Exactly, exactly, exactly. You cannot say "My behavior makes my fiancee uncomfortable, so you need to change your behavior or everything is your fault." I mean, you can say that, but Marshall has never been written as the kind of thoughtless, self-absorbed person who would. So while Fred Weller's acting in that scene was really impressive, the scene as a whole did a disservice to the character.

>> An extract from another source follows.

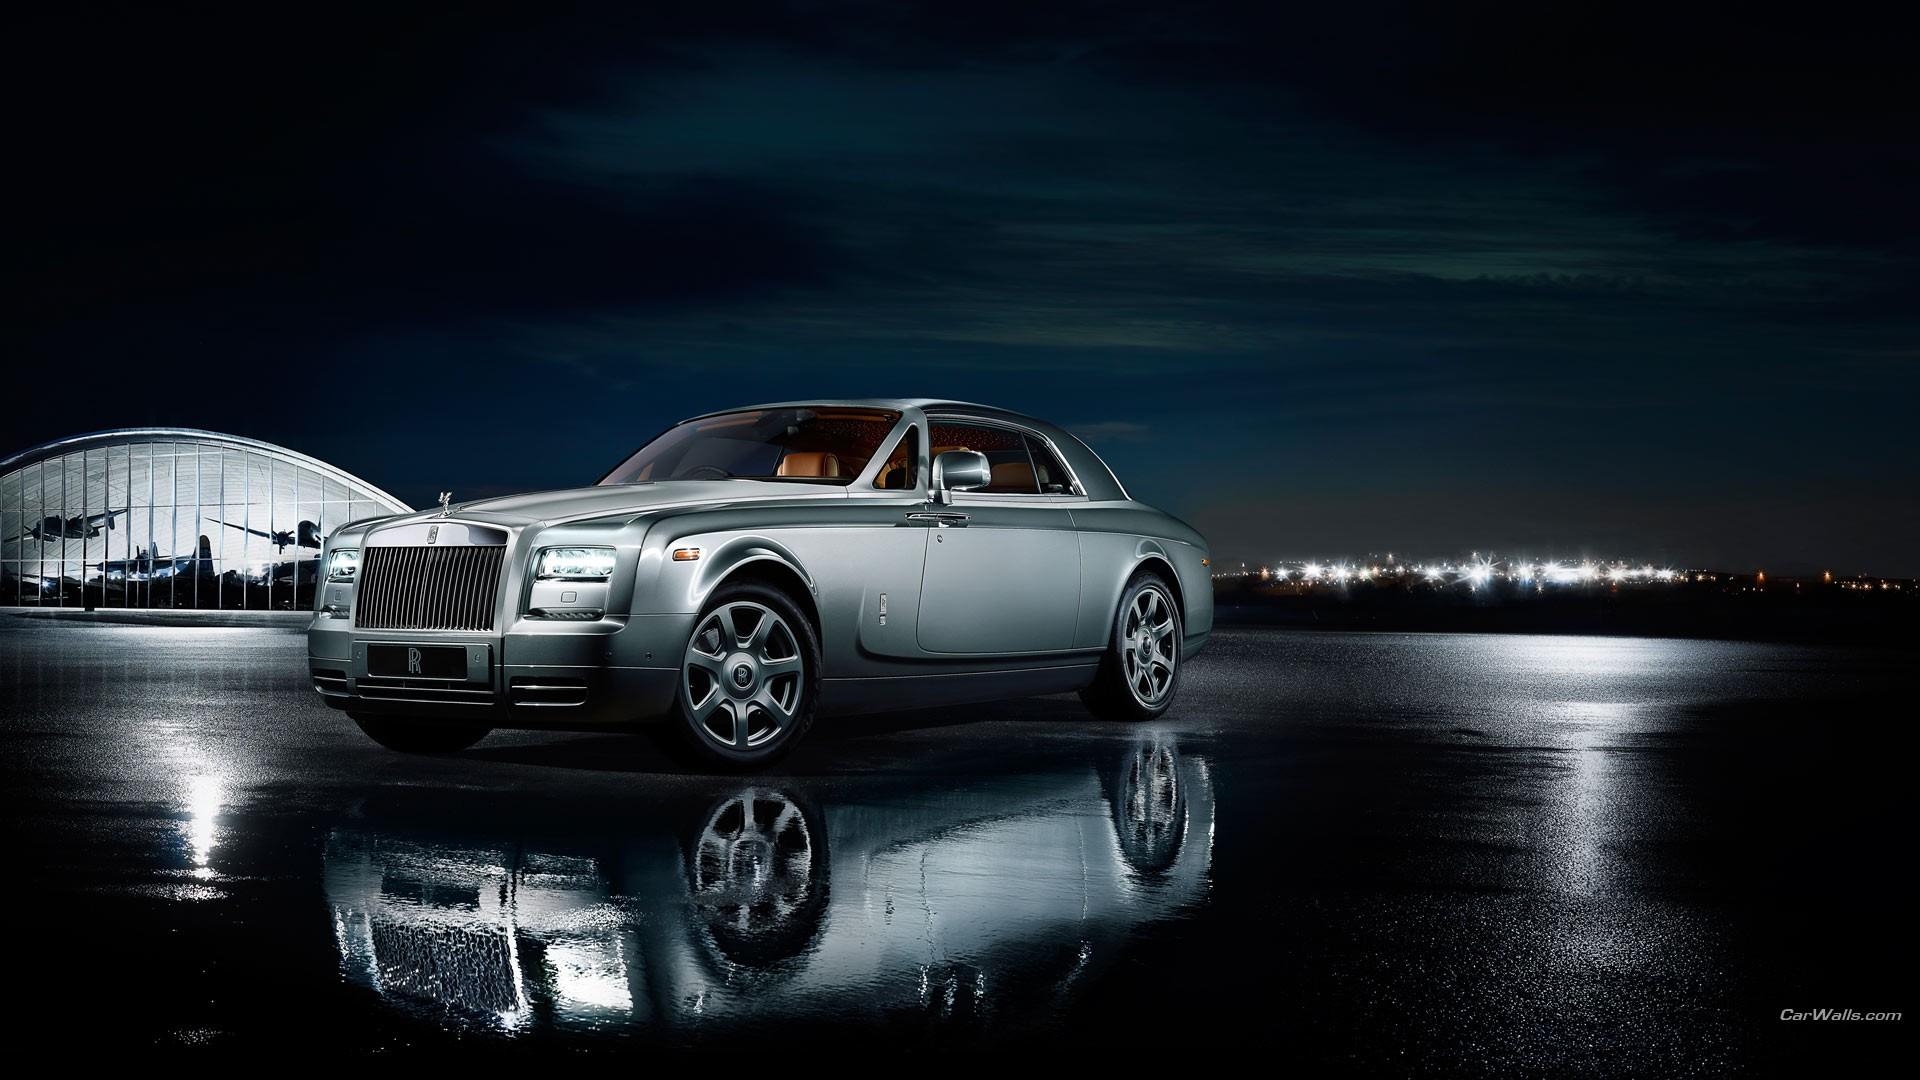 Wallpaper 1920x1080 Px Car Rolls Royce Phantom 1920x1080
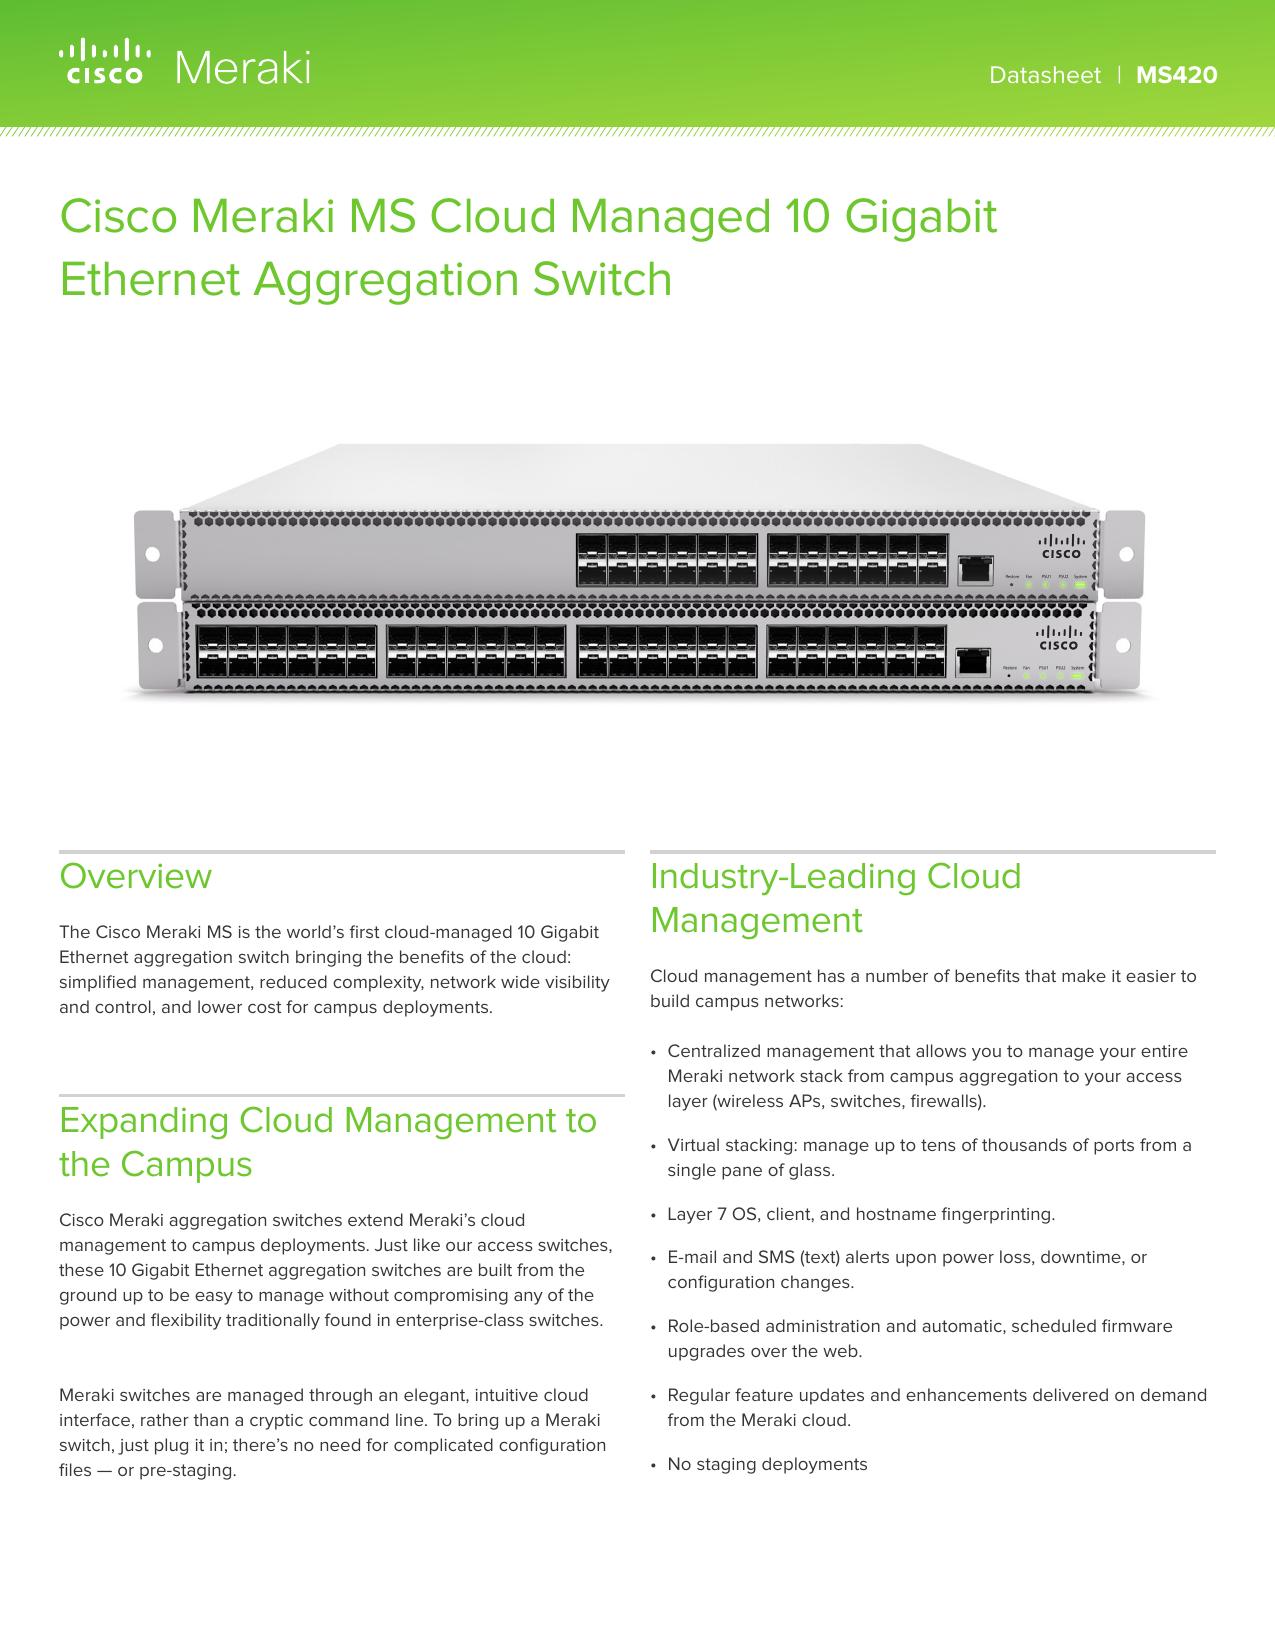 Cisco Meraki MS Cloud Managed 10 Gigabit Ethernet

I didn't even necessarily need Mary and Marshall to end up together, but I would have much preferred an ambiguous ending. One of the main themes of In Plain Sight has always been that life is messy and complicated and ambiguous, and that fairy tale happy endings aren't real. By wrapping everything up so neatly, the writers in a way betrayed their own show. So the fact that there was a false-feeling happy ending that was directly contradictory to the unrealistic happy ending that 99% of fans seem to have wanted just seems like adding insult to injury. If any show called for a conclusion that was ambiguous and left at least some things unresolved, it was this one. If for whatever reason it was decided that the ending couldn't be left that way, I honestly can't figure out why the writers thought that the ending they settled on would be satisfying to viewers.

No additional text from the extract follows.